On Apr 15, 2007, at 7:09 AM, Ed Martin wrote:

I guess i need to explain a bit more, i really just wanted to know if it is considered "normal" and acceptable for gdb to exit on an assert() (in gdb itself) when debugging a program, i was under the impression that no matter how bad your application is gdb should not crash and should instead stop the program or print a message when gdb can no longer control it (because of something like a messed up stack), or at least something close

From the replies i got so far i would guess that it is normal for gdb to hit this assert() when debugging an application and it is not considered a bug in gdb, is that correct?

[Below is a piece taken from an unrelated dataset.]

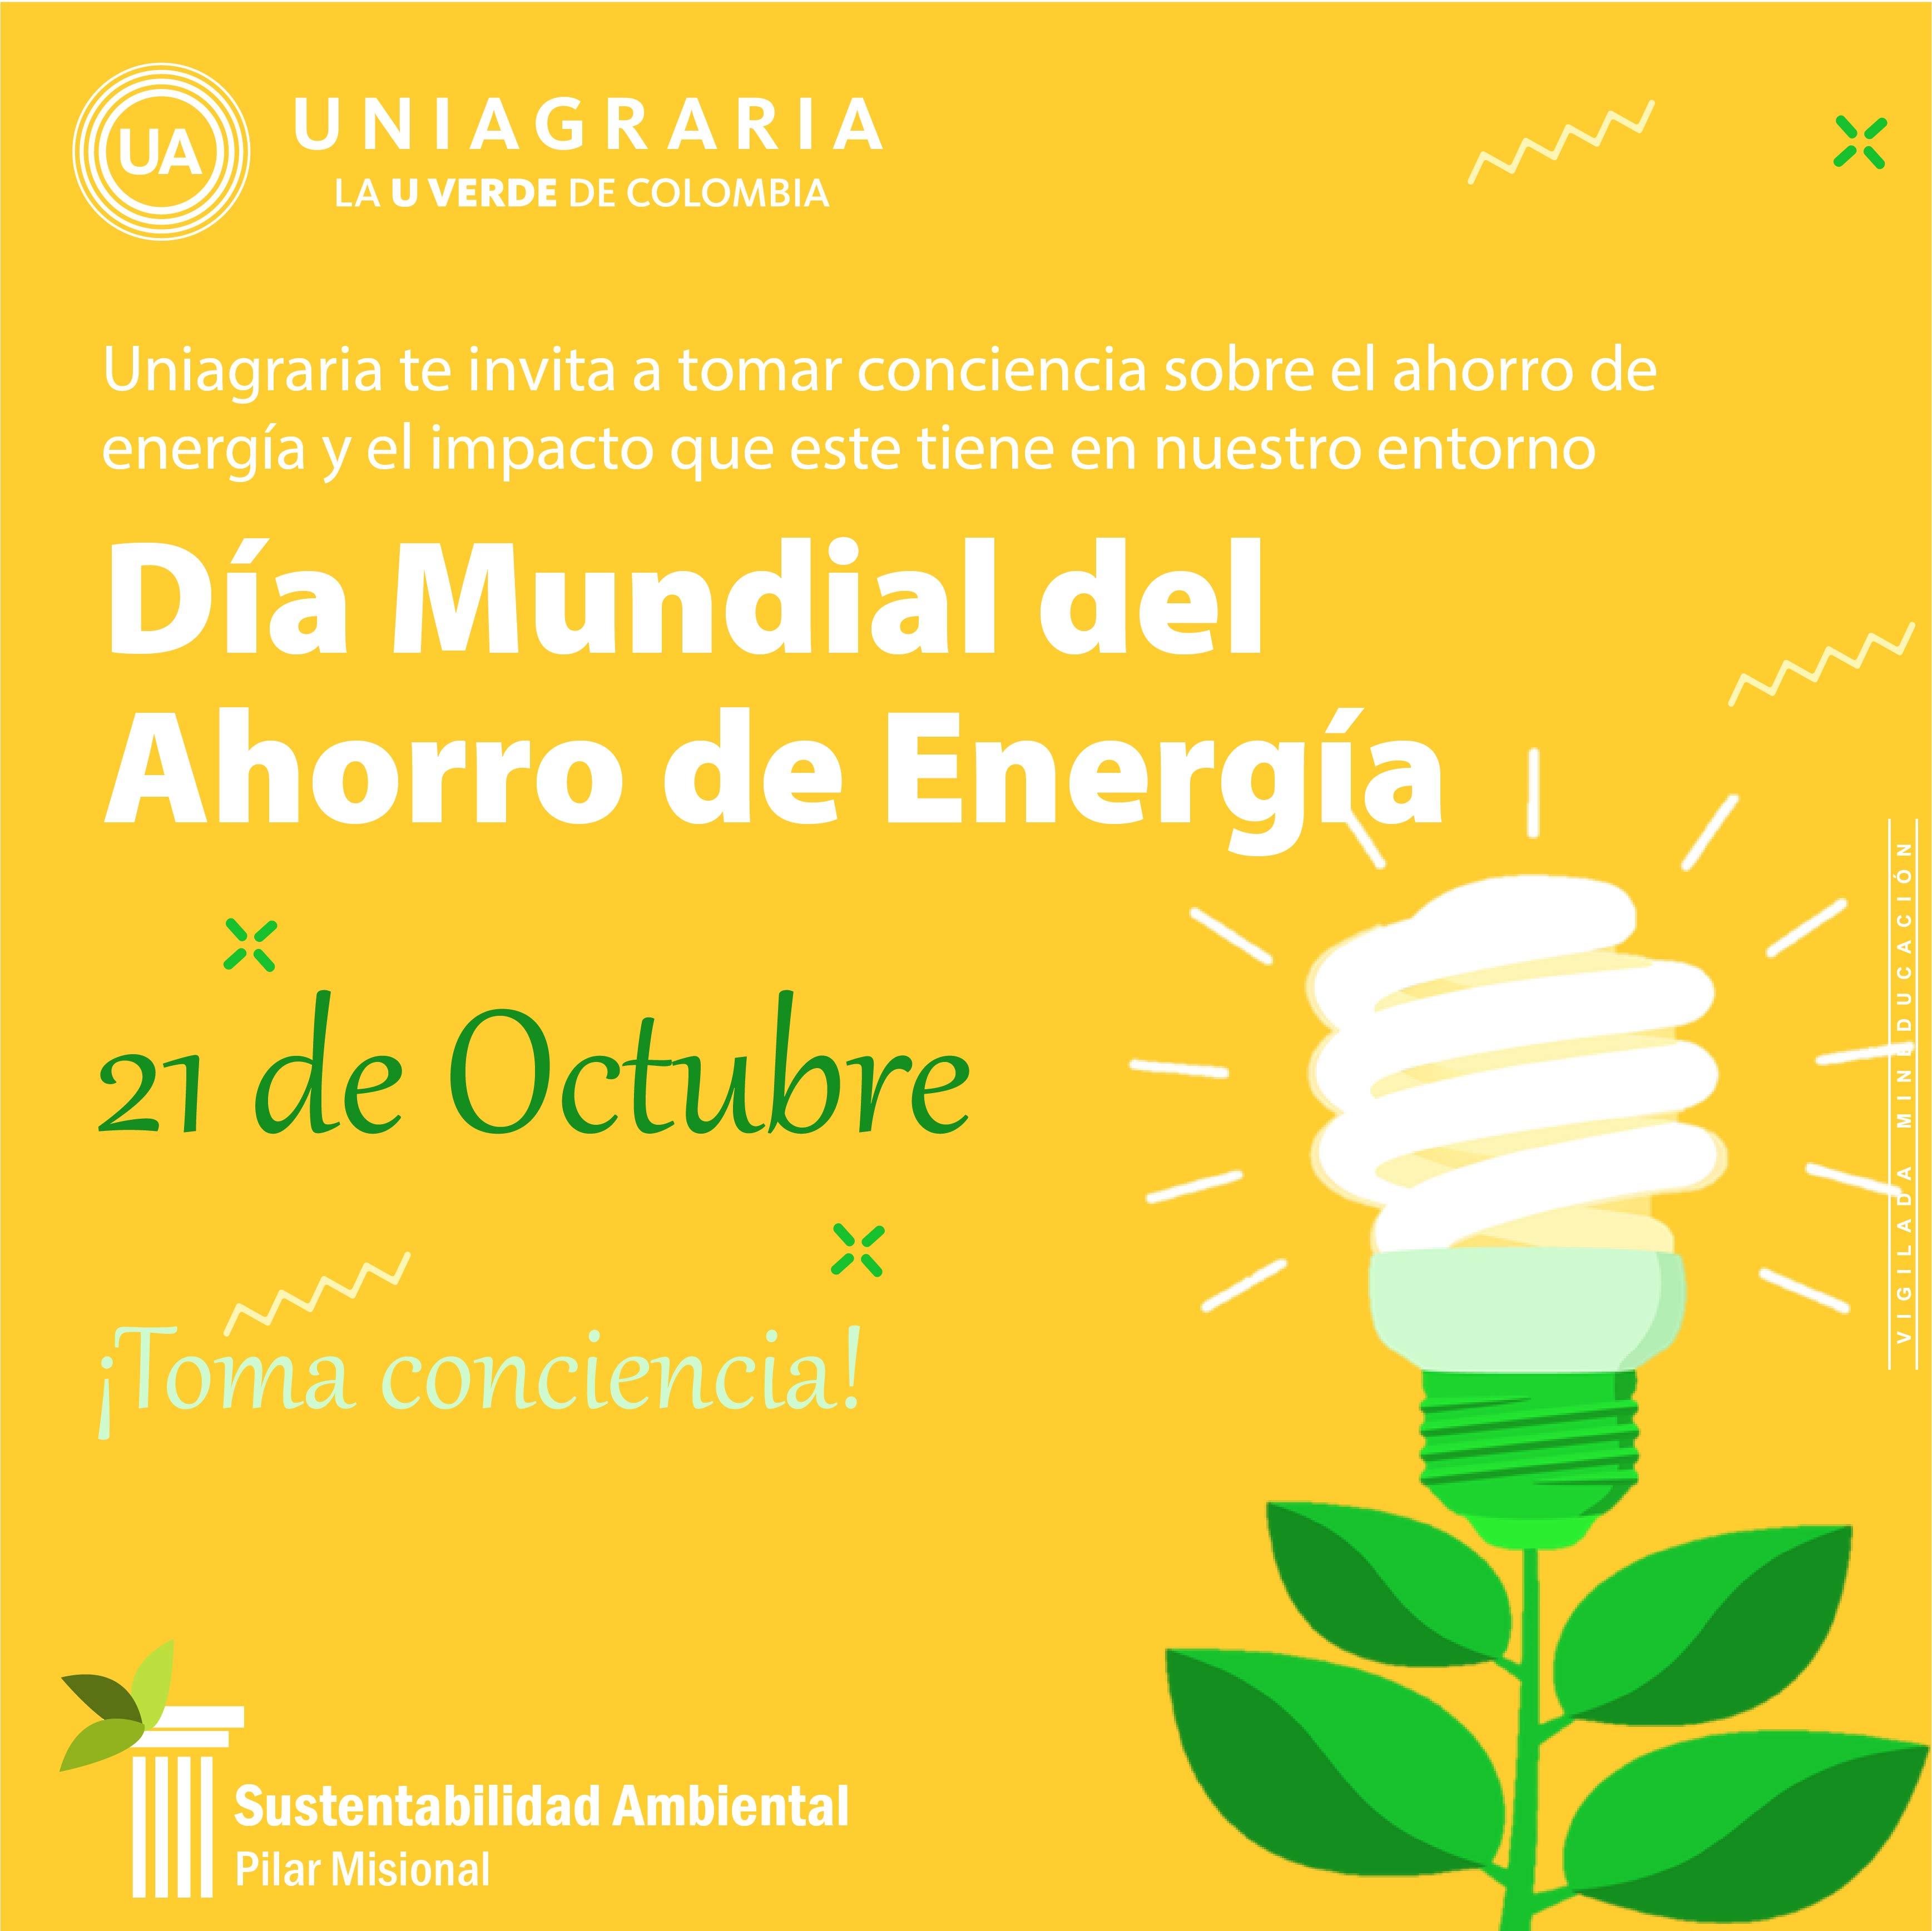 Día Mundial da la Ecología

gdb shouldn't be hitting this assert even if your program has died a horrible death. It means that some part of the system higher up isn't figuring out that the program is in a bad state, and so it asks a lower level part of the system to do something that doesn't make sense.


If you have a example that you can send us that shows this happening, please file a bug with the example and the Xcode-gdb log, plus anything you had to do in the program to reproduce the session. Even if you can't send us the example, please file a bug with the Xcode-gdb log. We may or may not be able to figure out what went wrong without the example, but it's worth a shot.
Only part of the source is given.